_Supplied entries_:
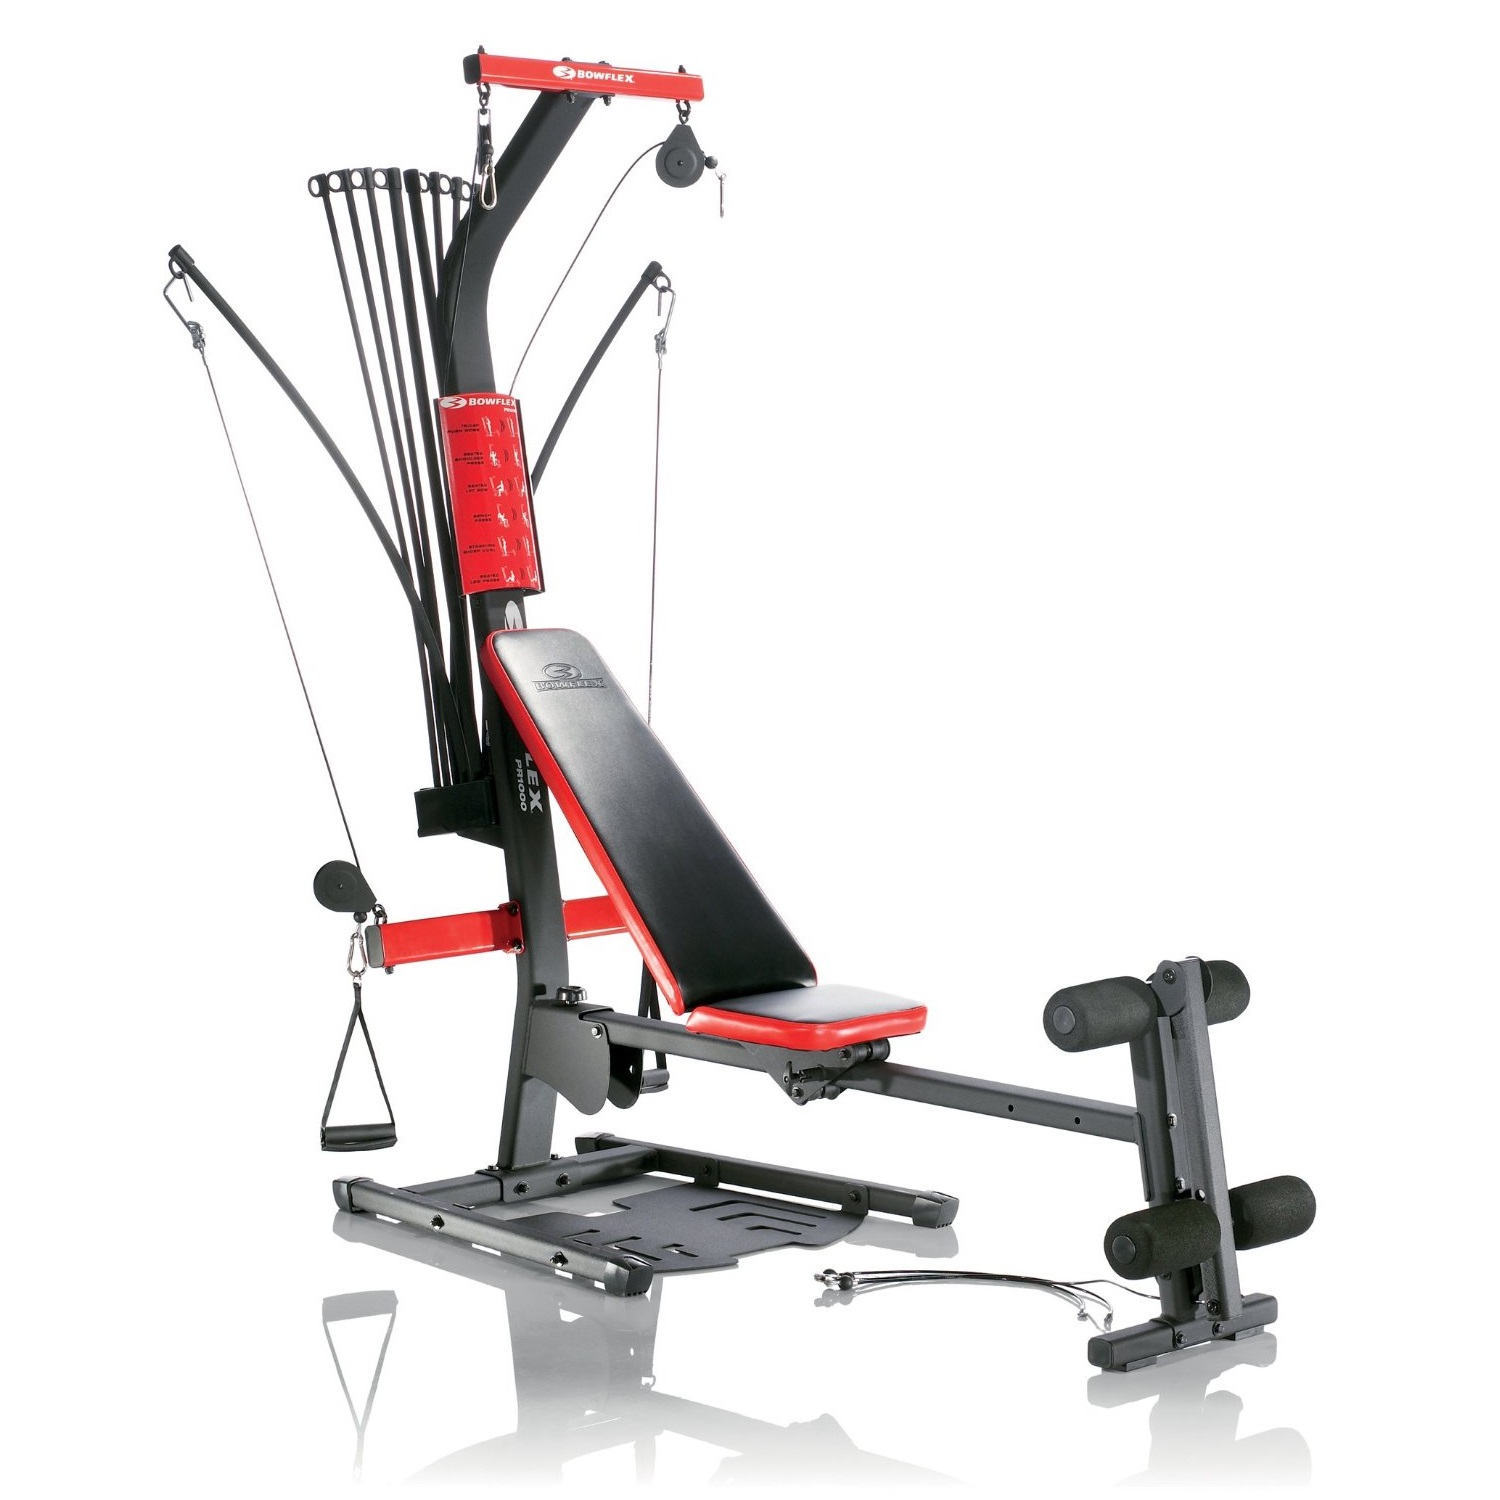 Product image of a new red and black Bowflex PR1000 home gym
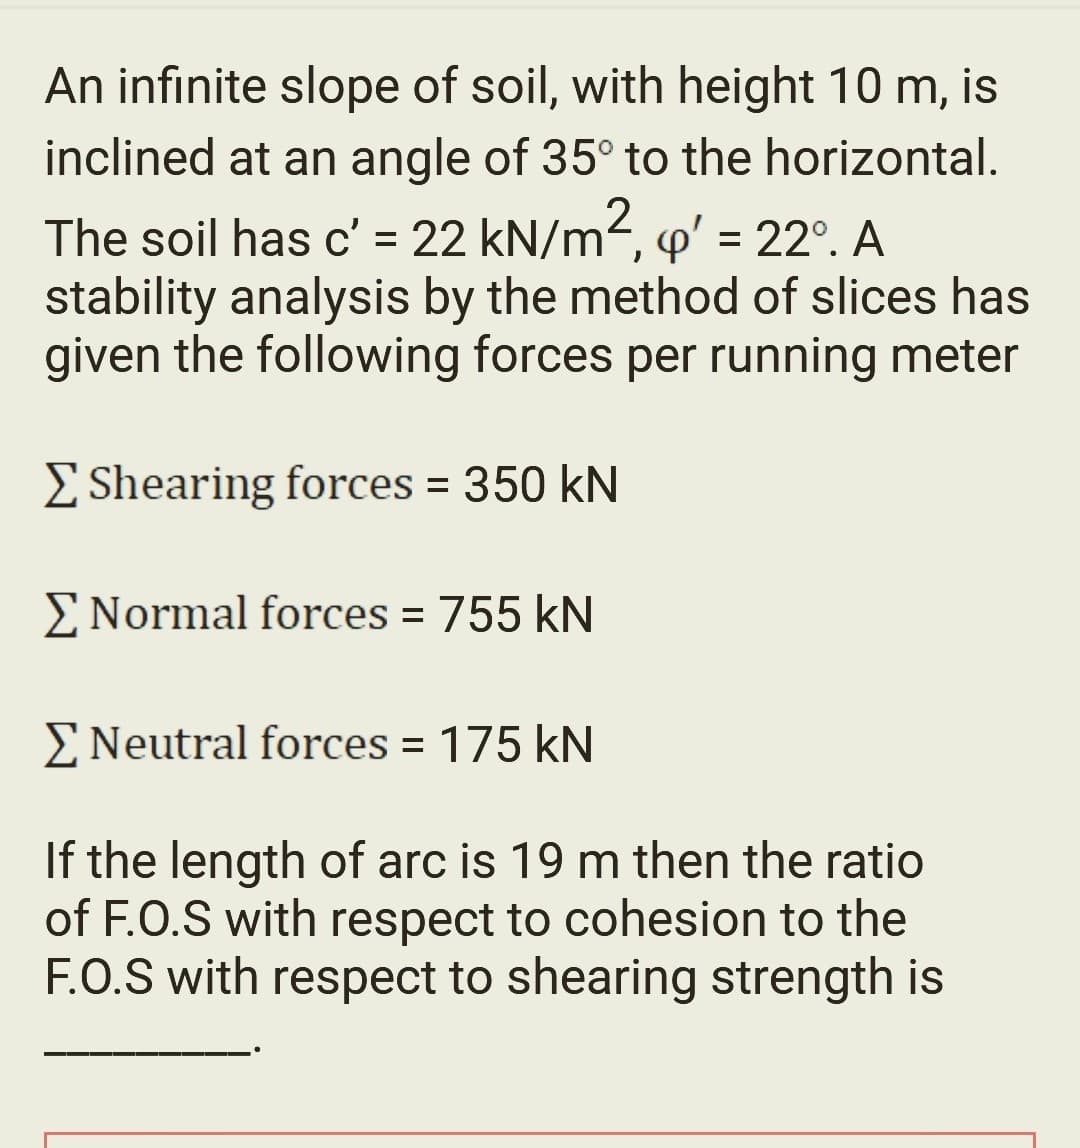 An infinite slope of soil, with height 10 m, is
inclined at an angle of 35° to the horizontal.
The soil has c' = 22 kN/m², ' = 22º. A
stability analysis by the method of slices has
given the following forces per running meter
Σ Shearing forces = 350 kN
Σ Normal forces = 755 kN
Σ Neutral forces = 175 kN
If the length of arc is 19 m then the ratio
of F.O.S with respect to cohesion to the
F.O.S with respect to shearing strength is

_Try it_: Would you give the number of lines in this listing that include "respect"? Only the number, please.

_Response to this exercise_: 2